Это было жестко, сильно, коротко сказано -- при том, что временная дистанция для такого взгляда требовалась немалая. Вообще к поэзии двадцатых годов у меня всегда было не то чтобы осторожное, а скорее сострадательное отношение: в ней начиная года с двадцать третьего пошли сплошняком казенные и фальшивые ноты, особенно режущие слух именно потому, что, по известной метафоре Пастернака, лошадь сама себя объезжала в манеже и радостно об этом докладывала. Что-то странное начало твориться с русской поэзией во второй половине двадцатых, и если о благотворности реконструкции империи еще можно спорить применительно к российской государственности, то применительно к поэзии можно говорить лишь о каком-то внезапном и стремительном омертвении только что живого, шумящего и плодоносящего дерева. Сначала все очень смешно подзаводились, доходили до эйфории, до истерики -- потом так же смешно каялись в том, что остались в прошлом, превратились в отщепенцев, но вот, вероятно, перекуются со временем... Цветаева пишет все суше, Пастернак уходит в эпос, временами довольно жидкий, на грани публицистики; Ахматова и Мандельштам, как самые чуткие и хрупкие трансляторы времени и его музыки, вообще замолкают или почти замолкают; что было с Маяковским, все видели, потому что он -- маяк, гигант, громкоговоритель -- был у всех на виду. Кризис этот понятен и является на самом деле кризисом самоидентификации: поэт, одно время ощутивший себя голосом и частью истории, вдруг отчетливо понимал, что история эта от него уехала, что она пошла совсем не тем зигзагом, который ему в очистительной буре рисовался, и что так бывает всегда. От позиции «усыхающего довеска» до позиции гордого отщепенца, находящего почву и опору в собственном отчаянии, надо было пройти немалый путь. Тем трагичнее были судьбы тех, кто начал не в десятые, а как раз в двадцатые, -- они либо увяли, толком не раскрывшись, либо сделали пищей своего искусства само отчаяние, само неприятие новой жизни. Это вообще-то задача для прозы -- тут-то и зазвучали в полный голос Бабель, Олеша, Зощенко, Ильф и Петров; из поэтов за подобные задачи брались единицы. Никого, кроме Юркова и очень близкого к нему Вагинова, вероятно, назвать не смогу; чуть позже явились Заболоцкий и обэриуты, потом -- Васильев и Корнилов. Обэриутских черт у Юркова много, в особенности там, где он заговаривает о новом быте, но он-то авангардистом не был ни в коей мере. Его и в литобъединении киевском дразнили неоклассиком.

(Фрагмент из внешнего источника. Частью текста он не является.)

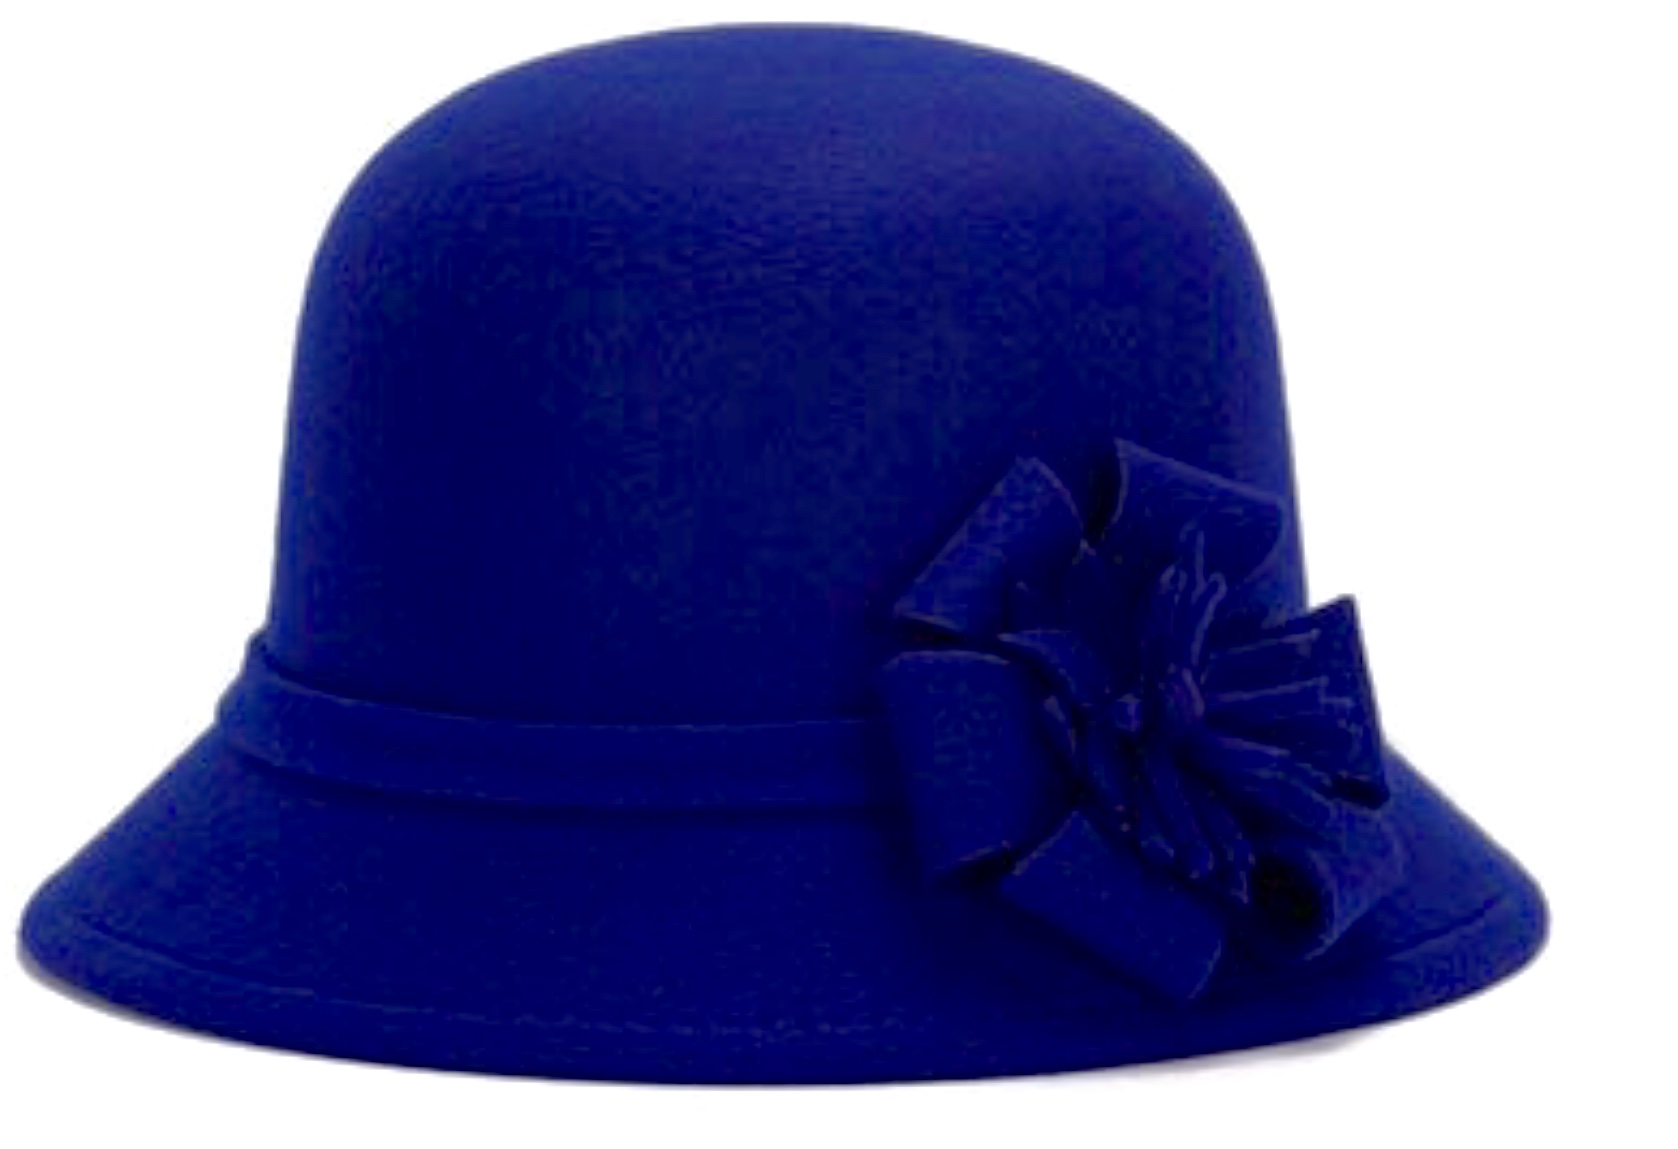 8c5931a3c774f4 LV L Blue Dress Hat · LAVISHLOCKETT Boutique · Online Store Powered ...
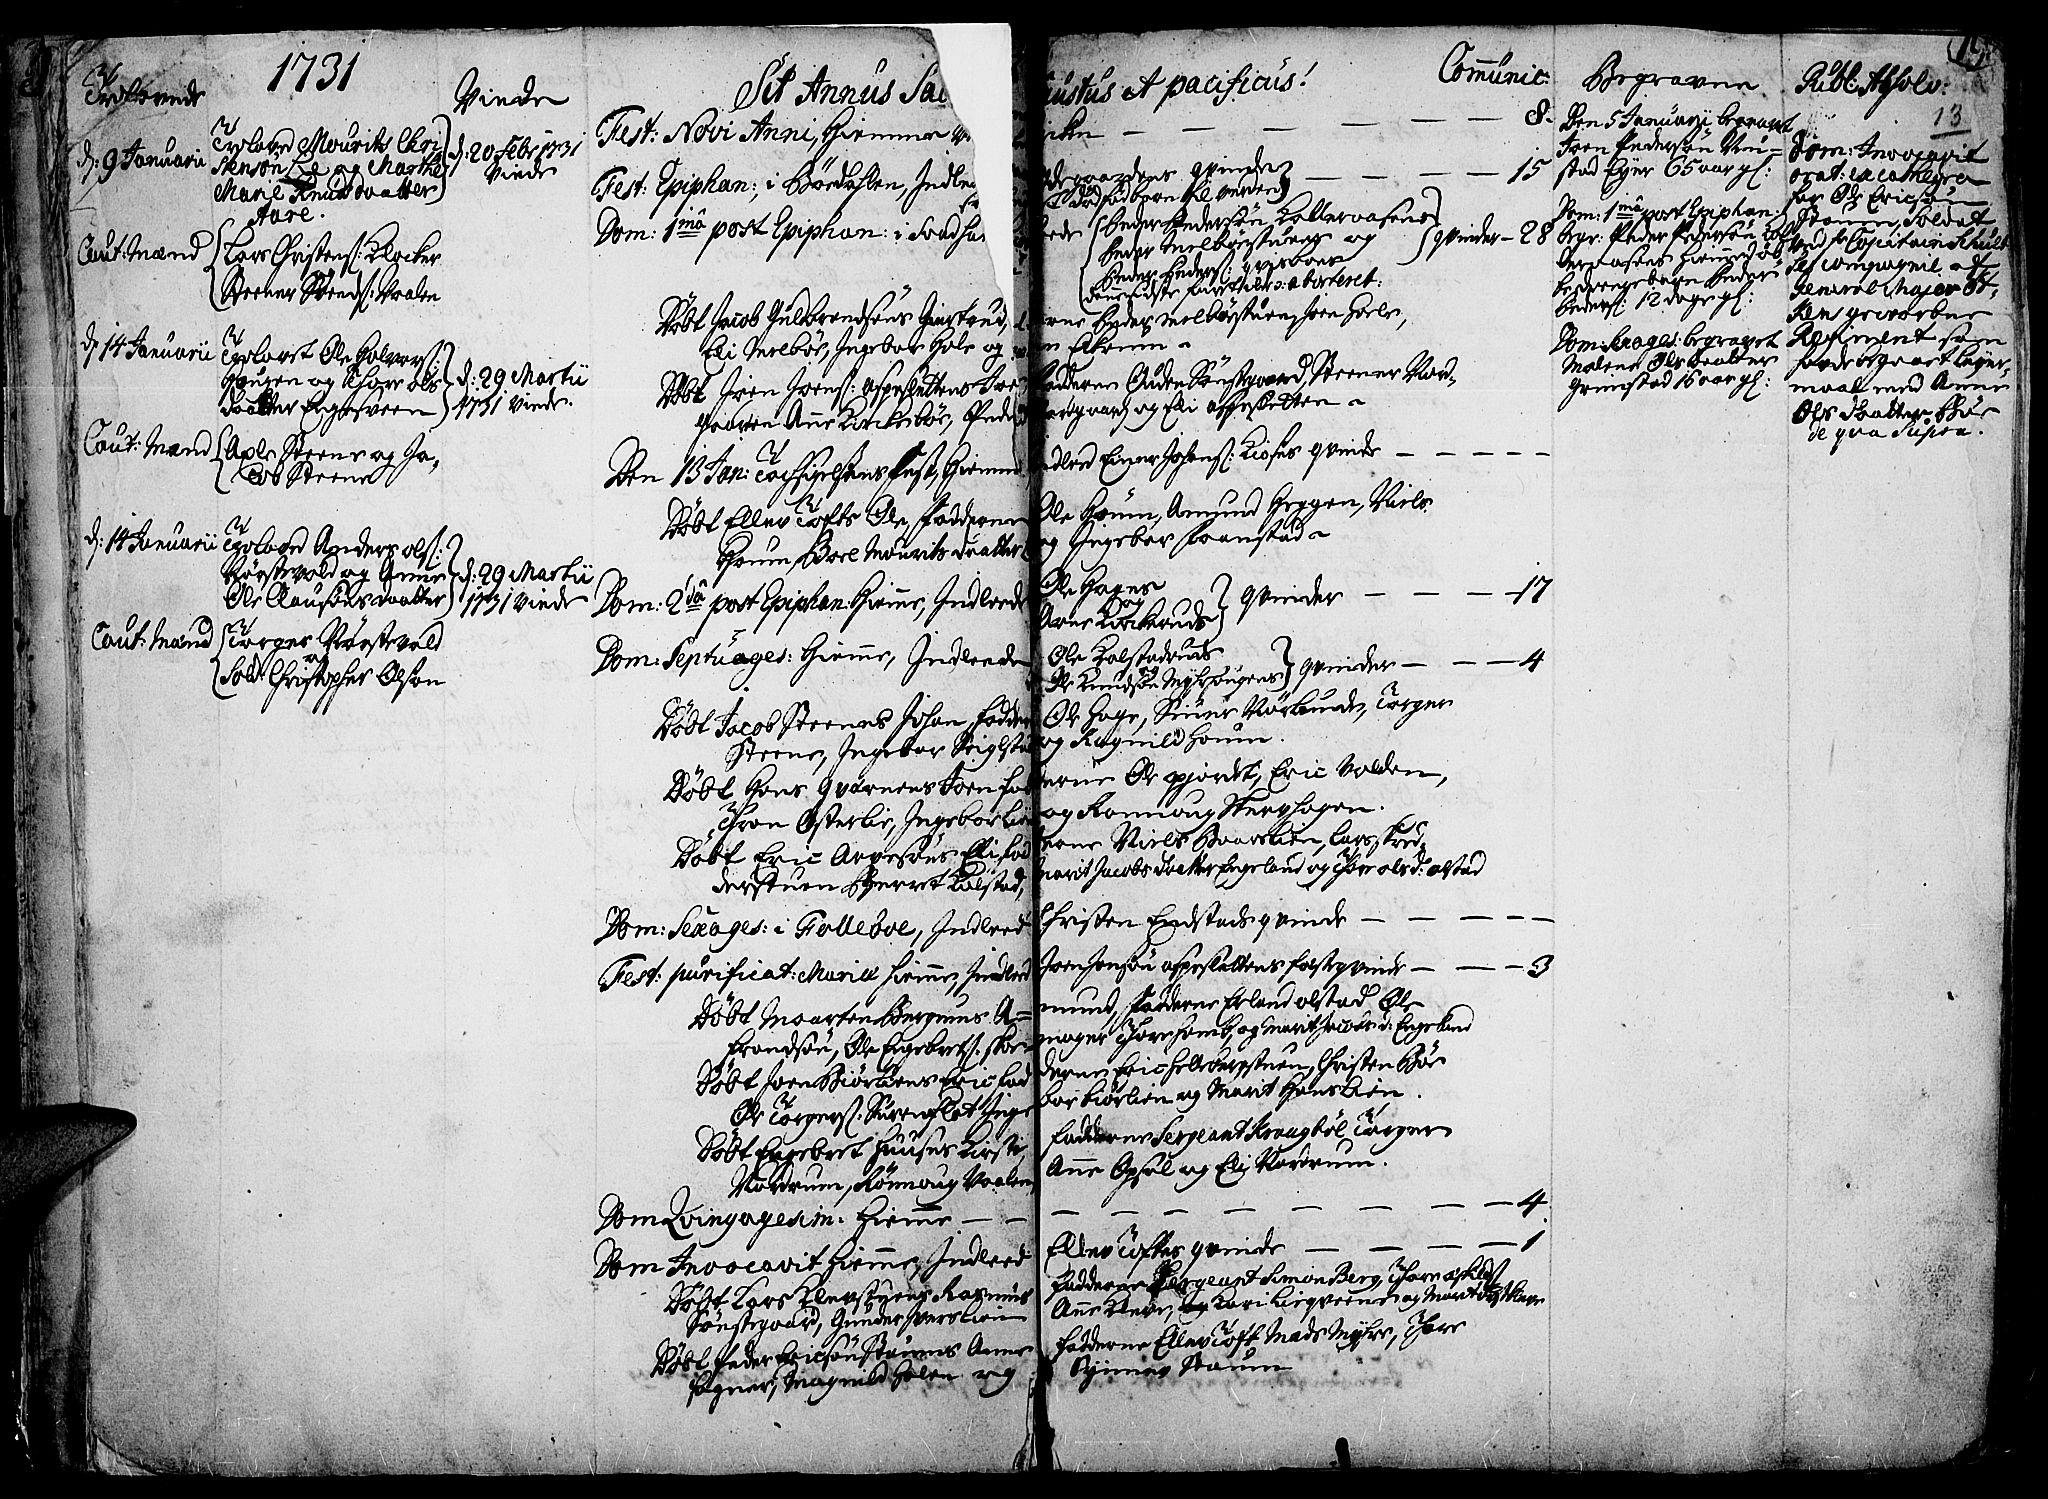 SAH, Gausdal prestekontor, Ministerialbok nr. 2, 1729-1757, s. 13

Все это я узнал про Юркова потом, а тогда я просто выучил с первого прочтения его стихи и, узнав на журфаке, что курсовик можно на втором курсе защищать на любую тему по собственному выбору, пошел на кафедру литературы и заявил Юркова в качестве темы. В Ленинской библиотеке нашлась его предсмертная книжка, вышедшая в «Ассоциации русских рабочих писателей» Киева, да несколько мелких подборок отыскались по тогдашним альманахам, выходившим в больших количествах и крохотными тиражами; дай Бог здоровья тем, кто делает их росписи и бережет всю эту информацию. В общем для сочинения курсовика в моем распоряжении было порядка тридцати пяти стихотворений, пусть и довольно длинных. Научно руководить мною взялся Николай Богомолов, легенда тогдашнего журфака и нынешнего «Нового литературного обозрения», человек, знающий о русской поэзии XX века много больше, чем любой из ее непосредственных творцов.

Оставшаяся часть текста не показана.